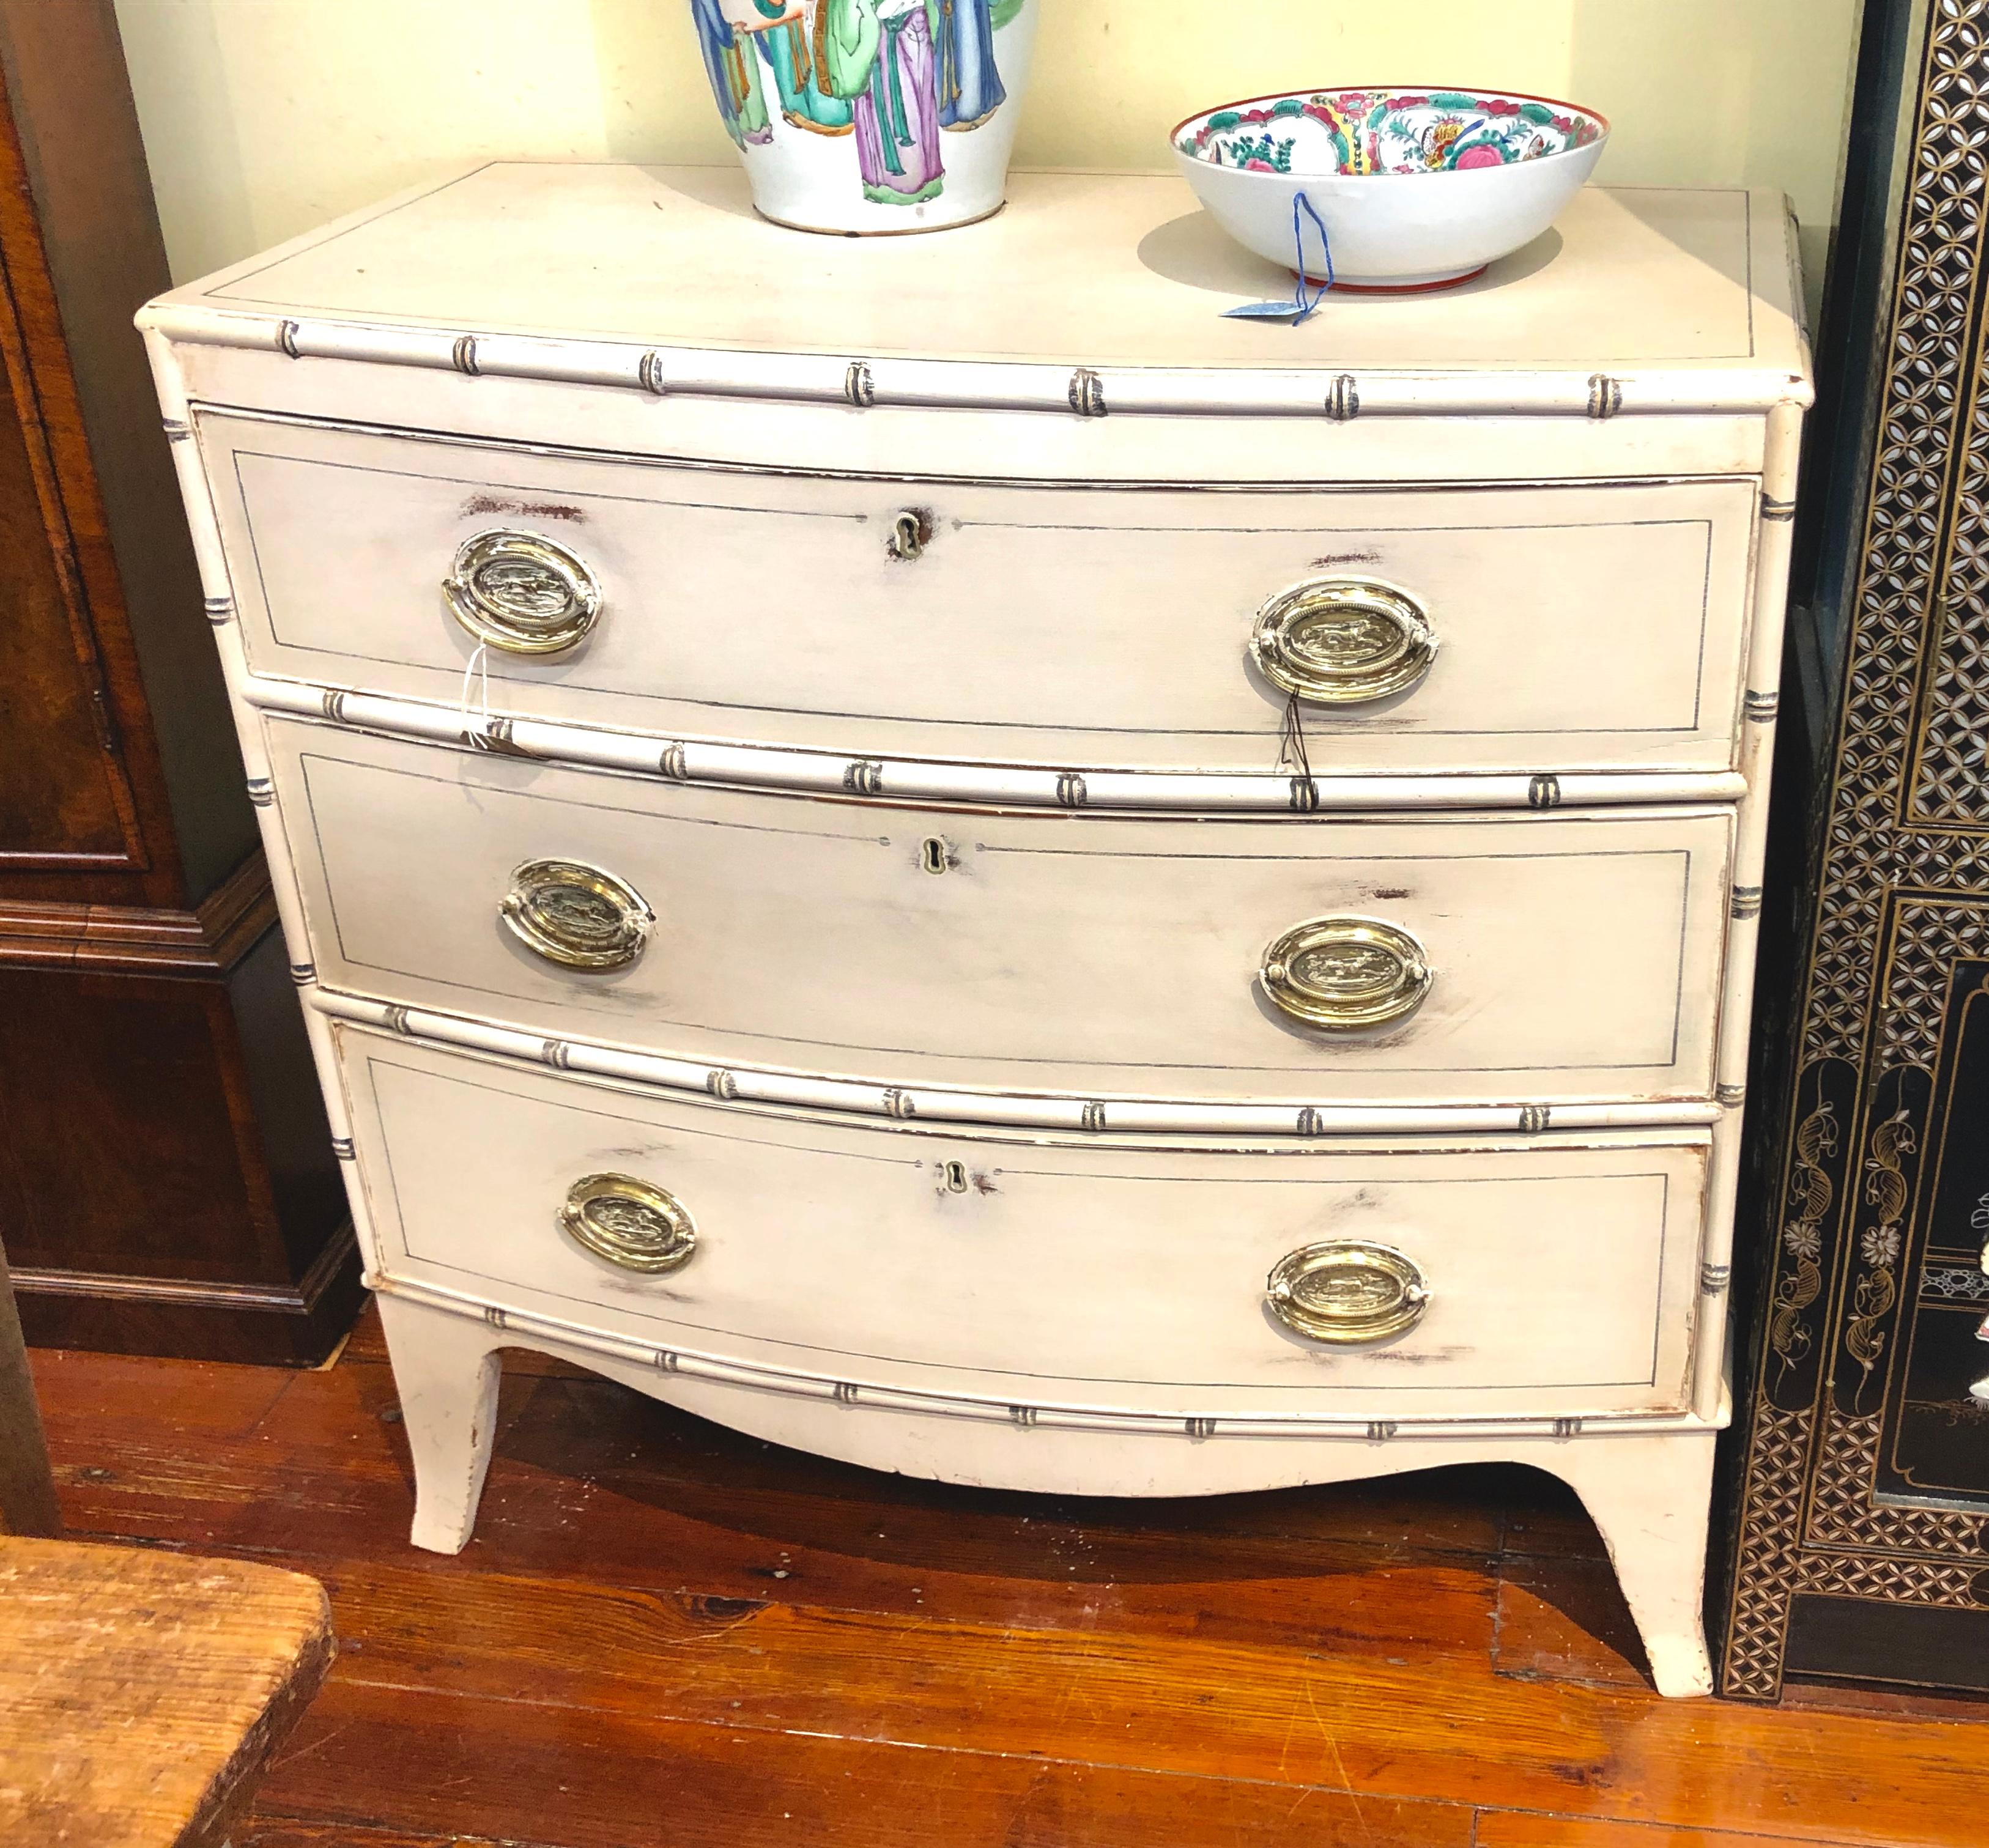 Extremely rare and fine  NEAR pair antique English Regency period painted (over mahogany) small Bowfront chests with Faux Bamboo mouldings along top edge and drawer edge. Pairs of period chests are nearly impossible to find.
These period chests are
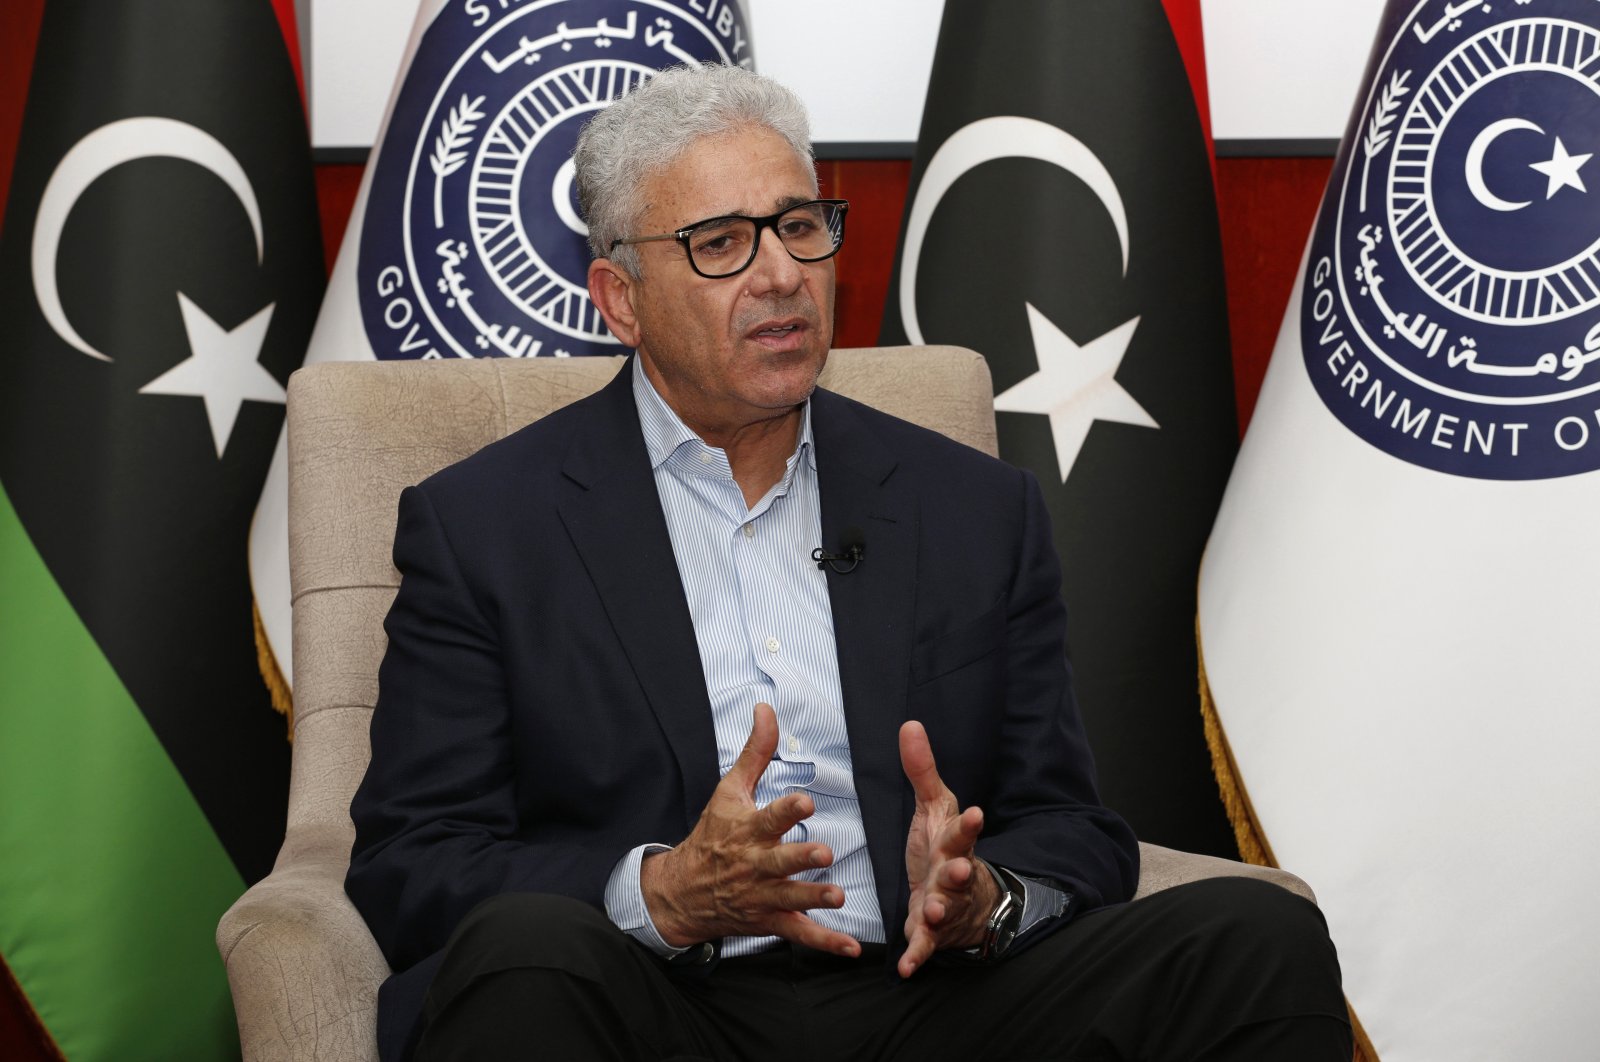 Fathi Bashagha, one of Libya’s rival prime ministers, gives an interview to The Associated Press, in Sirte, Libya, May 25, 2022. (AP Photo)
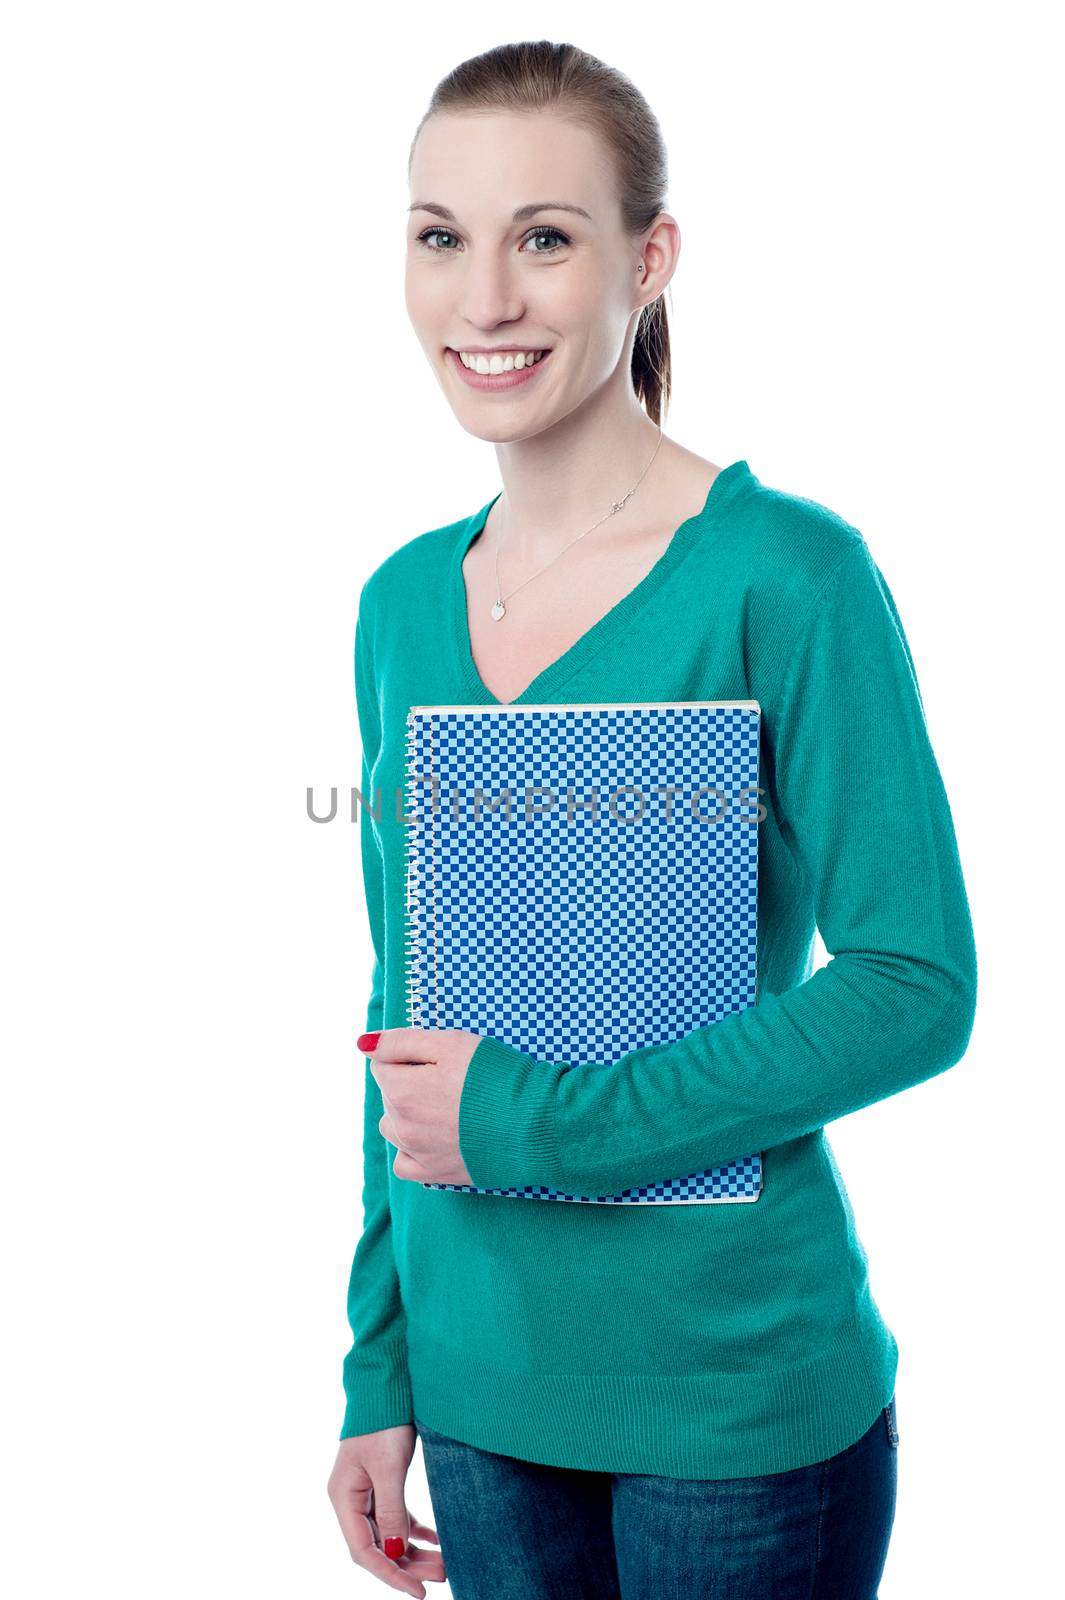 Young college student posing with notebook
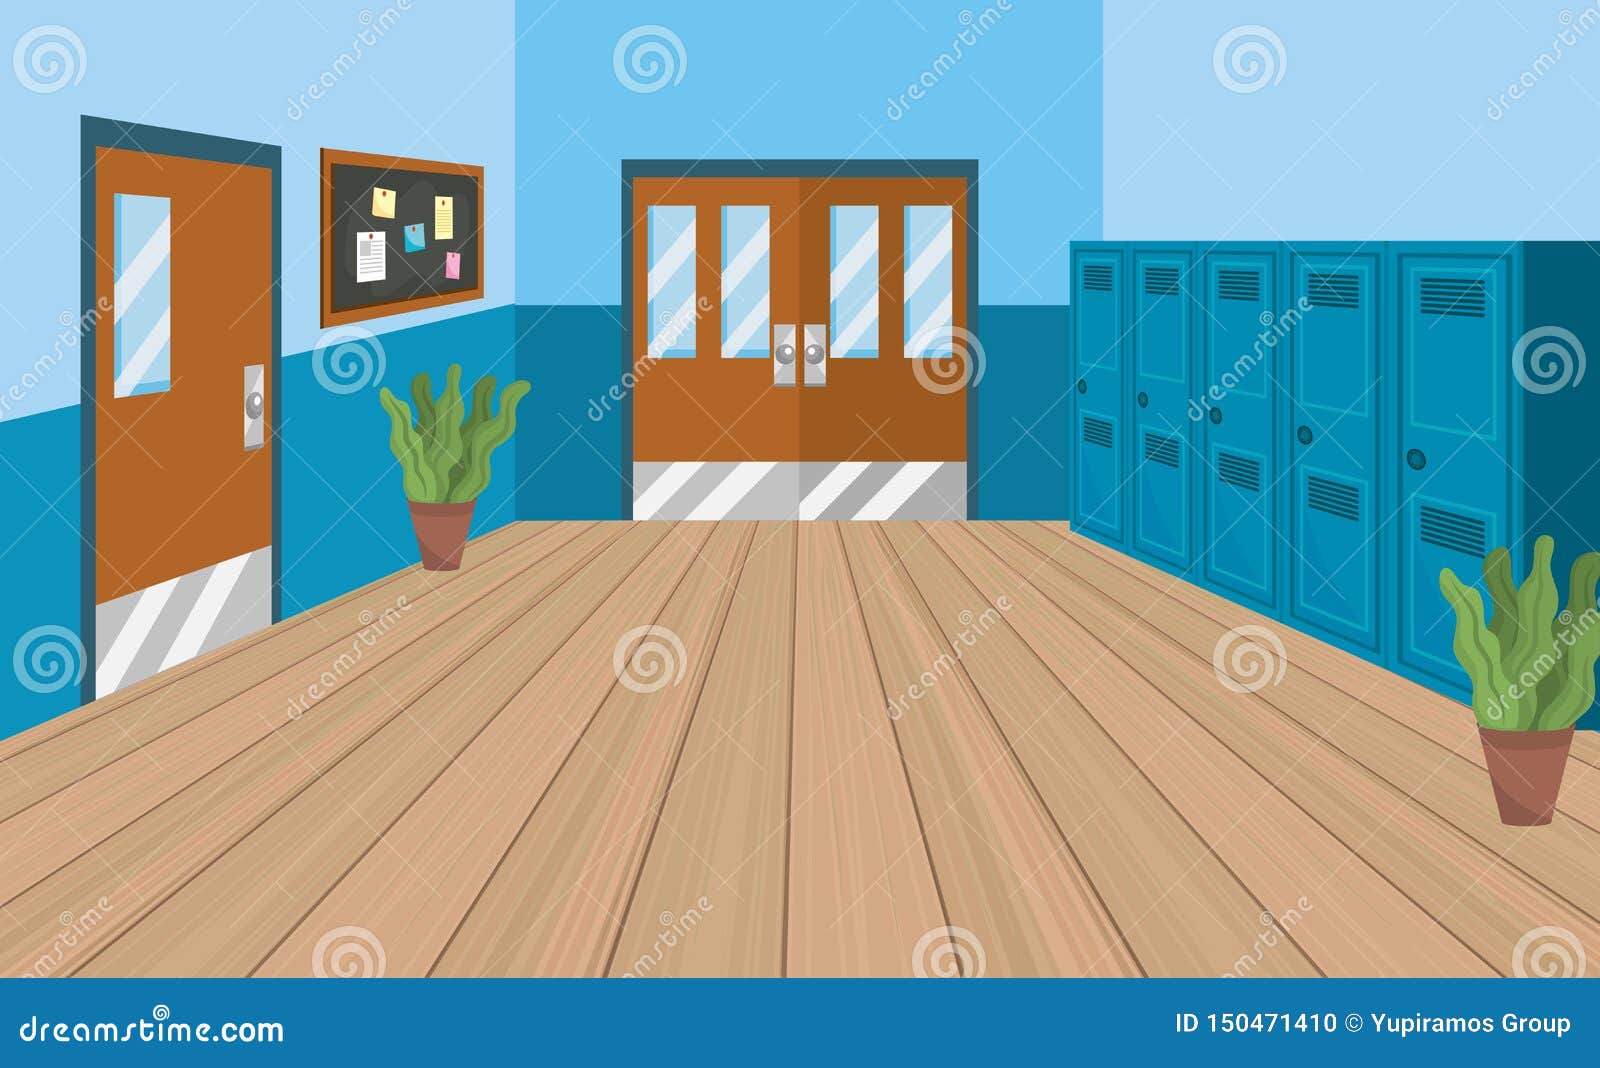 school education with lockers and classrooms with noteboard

======

Could you copy the lines above exactly and skip the images?

 Extremely rare and fine  NEAR pair antique English Regency period painted (over mahogany) small Bowfront chests with Faux Bamboo mouldings along top edge and drawer edge. Pairs of period chests are nearly impossible to find.
These period chests are
 Fathi Bashagha, one of Libya’s rival prime ministers, gives an interview to The Associated Press, in Sirte, Libya, May 25, 2022. (AP Photo)
 Young college student posing with notebook
 school education with lockers and classrooms with noteboard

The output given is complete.